"Beautiful John" by Madder Rose, 1993

Tuesday, November 5, 2013

Madder Rose, an oft-forgotten but quintessential early 90s band, significantly informed my tastes in music in college. When I first heard Madder Rose, I'd already moved away from my high school tastes--which had been very much of a late 1960s/early 1970s vibe, including predominantly the Grateful Dead, Pink Floyd, Led Zeppelin, and whatever the New York-area classic rock station would play. Along with most American teens, I'd heard and loved Nirvana's "Nevermind" in 1991. I wasn't the quickest to abandon my classic rock stuff, though, and enter the modern era, relying on bands like the Black Crowes and the Spin Doctors--both of whom had one foot (at least) firmly planted in sounds I found comfortable and familiar. But by 1993, I was getting someplace new.
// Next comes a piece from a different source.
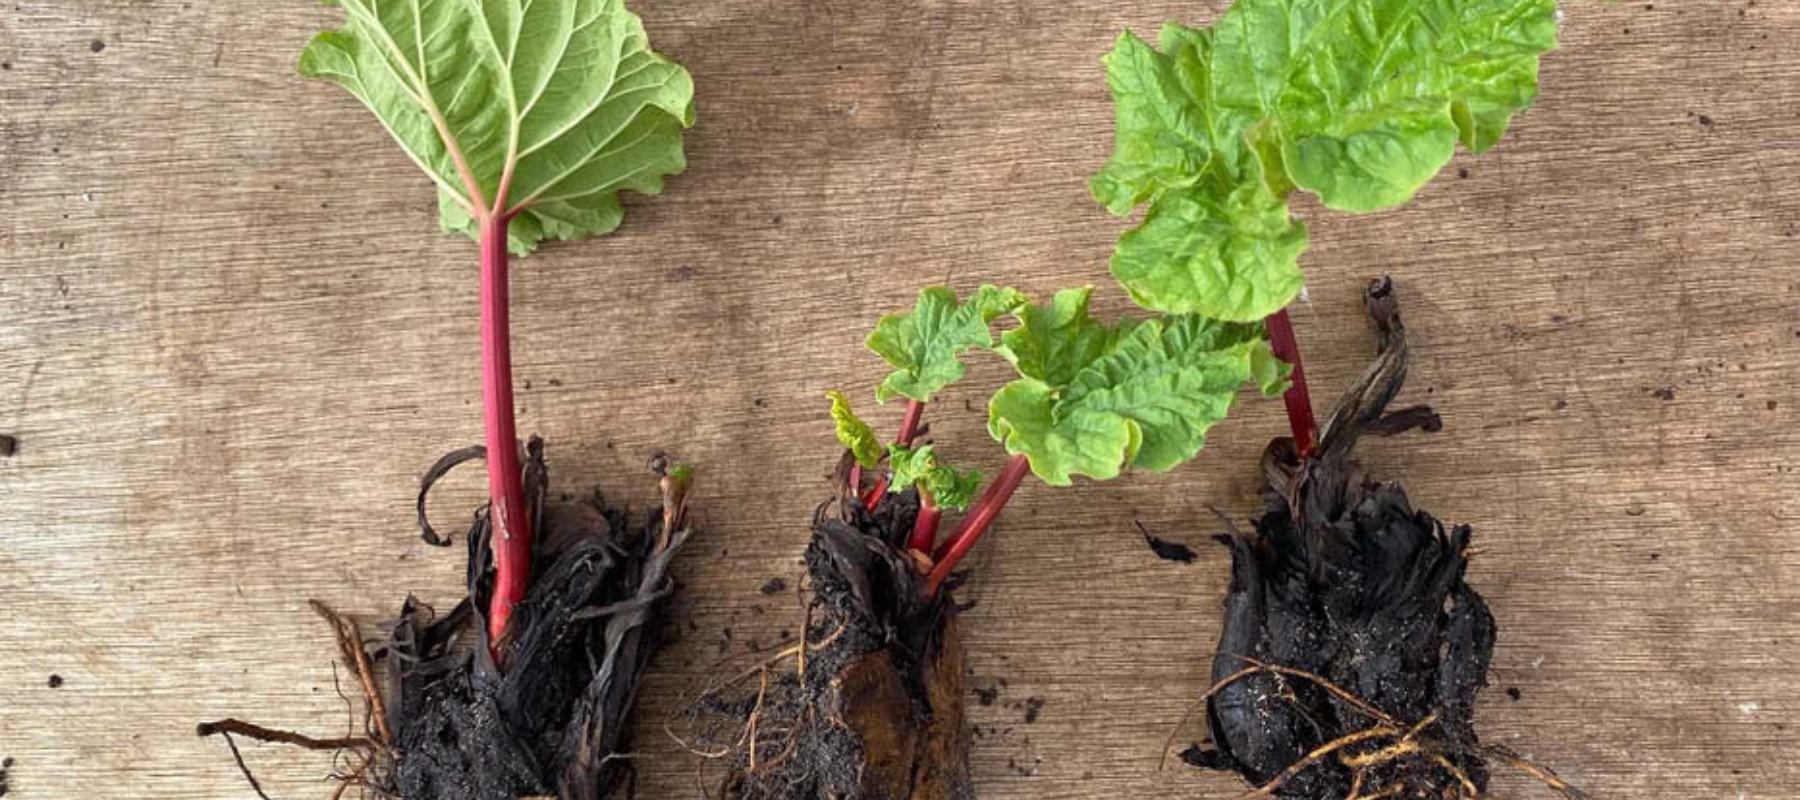 How to plant rhubarb crowns

In the summer of 1993, with a year of college behind me and a job delivering pizzas, I spent many late nights at Tower Records on Long Island, with a pocketful of tip cash. That tip cash, being above and beyond my hourly wage, I saw as CD money, and it was that summer that I did the most work to really grow my collection, probably more than before or since. That summer I focused on a certain type of band, though, one that became my mainstay of music for the next year at least: indie rock bands with female lead singers. If a band had a female lead singer, I'd probably buy their CD. It was a simple as that. I found Velocity Girl, Zuzu's Petals, the Sundays, Throwing Muses, Belly, Juliana Hatfield, Bettie Serveert, and Madder Rose using this method.

So, the song itself. It's an anomaly among Madder Rose songs, in that, though the lyrics are kind of dark and creepy, it's super poppy: a two-chord (one-->five) progression, if you can call that a progression, with frequent and very melodic and simple guitar solos. Much of this album is darker and more angular, implicating the heroin use the band seems to have enjoyed for so long. Melodic guitar pop was in 1993 still a very new sound to me, having come to modern music through more aggressive-sounding punk rock, and while "Beautiful John" is informed by punk rock to a degree, it has as much in common melodically with nursery rhymes as it does with CBGB.